At a quarter to five Salma had found herself walking once more in the direction of the pharmacy where the man was waiting for her. He took her hand and led her into the back room. She smelled perfumes, herbs, and medicines, felt dizzy, and put out her hand to steady herself against the wall. The pharmacist took her by the arm and sat her down on the couch and began to devour her. She told him, “Take me,” and he answered that he was going to eat her and started devouring her breasts. She tried to ask him about the mirror and how she’d seen the image merging with its shadow but he told her to stop talking. “No talking!” he yelled at her, so she stopped talking and went inside herself, where everything was overflowing. Slowly, darkness spread over the man and the woman lying on the bed of lust and they became like two shadows.
And when the rite of love that the pharmacist refused to call love had ended, Salma put on her clothes and got ready to leave. This time, however, she refused to take the little bottle. “That’s it, Nasri. Hend and Nasim are about to get married and you still want to fool around? That’s it, my dear. I’m getting old and soon I’ll be a grandmother. Plus you’re never satisfied. Tell me: you give me that medicine, but what do you take yourself? How can your body stand it at your age? Anyway, I’m done with it. I’m tired of this body of mine that doesn’t feel like my own anymore.”

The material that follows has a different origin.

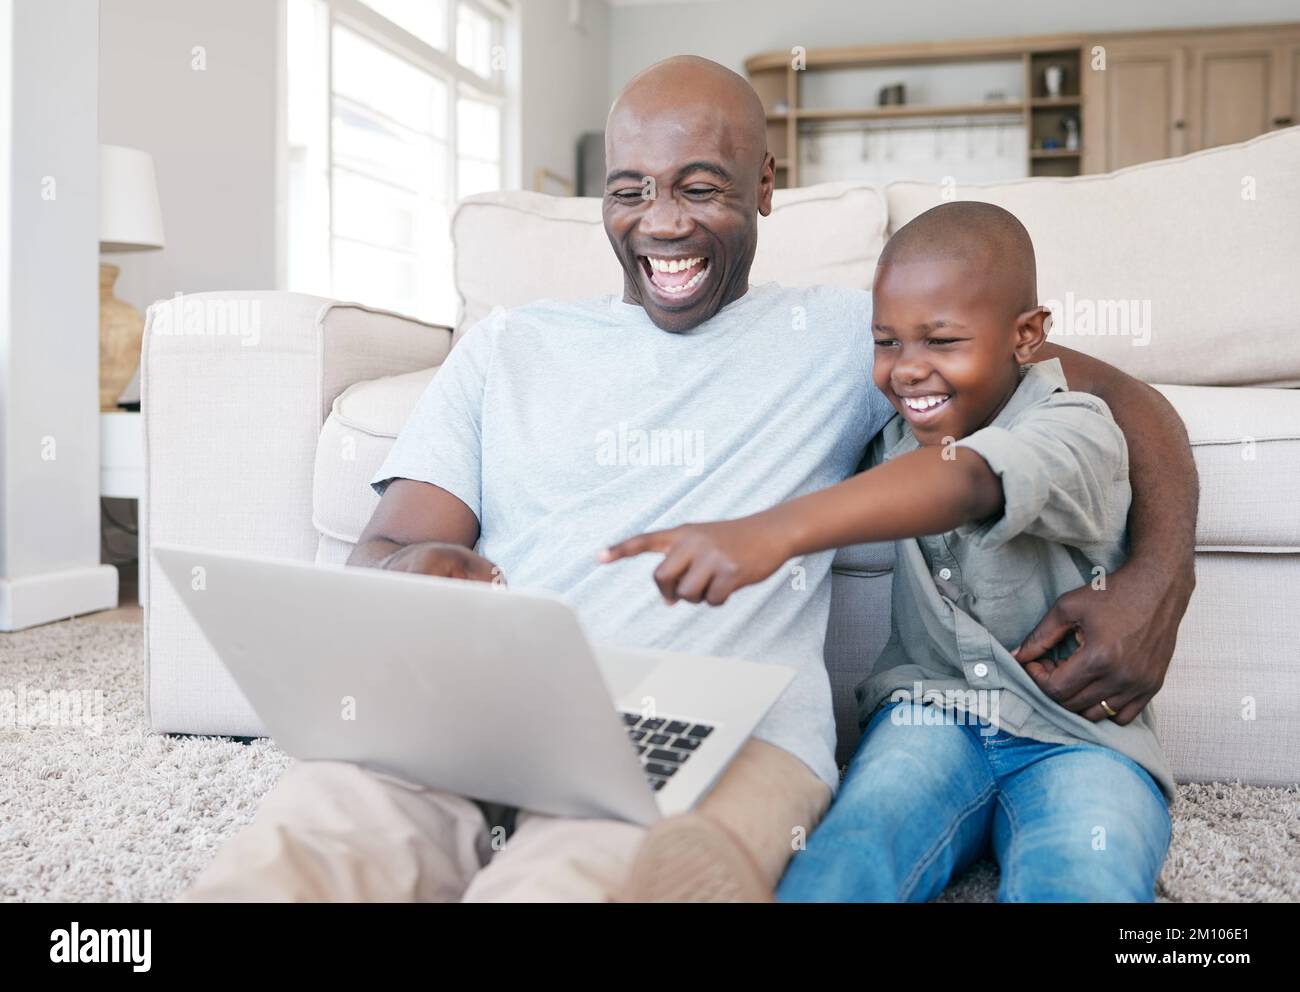 My family is my life. a father and son using a laptop on the sofa at home. Stock Photo

He told her he’d thought about it and maybe she was right, “but what does ‘right’ mean? There is no right in this world.” He also said that his medicine had proved that the body had no limits. “Desire is like time: it’s always there because it repeats itself endlessly.” She asked him about the other days of the week and he scowled and said there were no other days and asked her not to mention the subject again.
After two months of their meetings, which took place every Tuesday at five, she told him she wouldn’t be sticking to the time he’d set and would arrive whenever she felt like it because she’d begun to feel jealous. He told her sharply that the game of love and jealousy ill became one who had reached the last stage of life’s journey, and that if she was looking for love she’d have to find it elsewhere, “because I don’t have any room left in my heart.”